Why You Can’t Afford Not To Offer Benefits

Despite the Affordable Care Act (ACA) and the government coverage options it offers, most employers still plan to provide health insurance as an employee benefit. That's because it's also a benefit to employers.

A recent survey of more than 200 Michigan-based businesses conducted by the American Society of Employers (ASE) and Priority Health found that 98 percent of organizations surveyed will offer a coverage option for the 2014 plan year. Slightly fewer (82 percent) intend to offer coverage in 2015.

The Benefit of Benefits

Why are the numbers so high considering that health insurance is typically an employer's highest expense after payroll? Nearly 70 percent of survey respondents said that offering health coverage was "very important" to attract and retain a talented workforce. A healthier employee is also a more productive employee, with less absenteeism and lower costs to the employer overall.
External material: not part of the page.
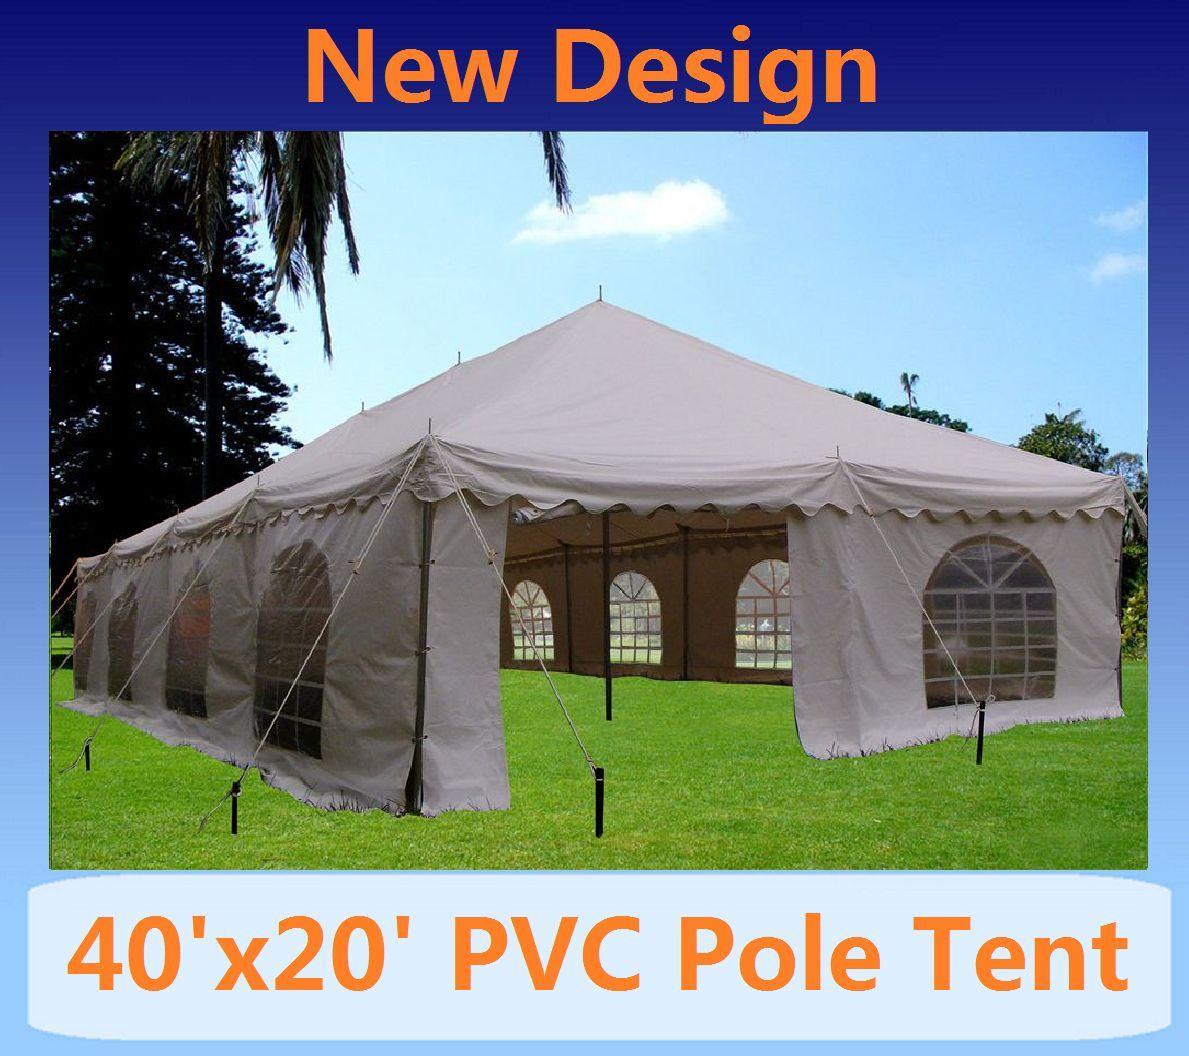 20 x 40 PVC Pole Tent Canopy & 20 x 40 PVC Pole Tent Canopy Gazebo -

While there is no comparable study for Wisconsin employers, the Michigan survey reflects national sentiment. And according to a Midwest Business Group on Health survey, most employers view the cost of offering health benefits as much as an investment as an expense.

Keeping Costs Down

While employers see the value of insuring their employees, they still need to keep their expenditure low. They're reducing their costs by encouraging employees to be more responsible for their healthcare decisions in these three ways:

  • More cost-sharing: According to a Challenger, Gray & Christmas survey, nearly one-third of employers are offering higher deductible plans, which cost them less. Higher deductibles and out-of-pocket costs, however, should be considered a short-term solution. In a competitive marketplace, they will not make you as attractive to employees as lower-cost coverage.
  • Pushing preventive care: Making it easy and affordable for employees to get regular screenings, checkups and other preventive care can help keep overall healthcare expenses down and reduce absenteeism. About one-third of employers offer onsite clinics or medical services to make getting preventive care convenient, according to the National Association of Worksite Health Centers.
  • Rewarding healthy habits: Incentive-based workplace wellness programs are a valuable tool in helping reduce healthcare expenses. The Challenger and Gray study found that 56 percent of companies are trying to contain costs this way. Offering financial rewards for completing health risk assessments and biometric testing, and reimbursing smoking cessation and fitness center costs can help employees take responsibility for improving their own health.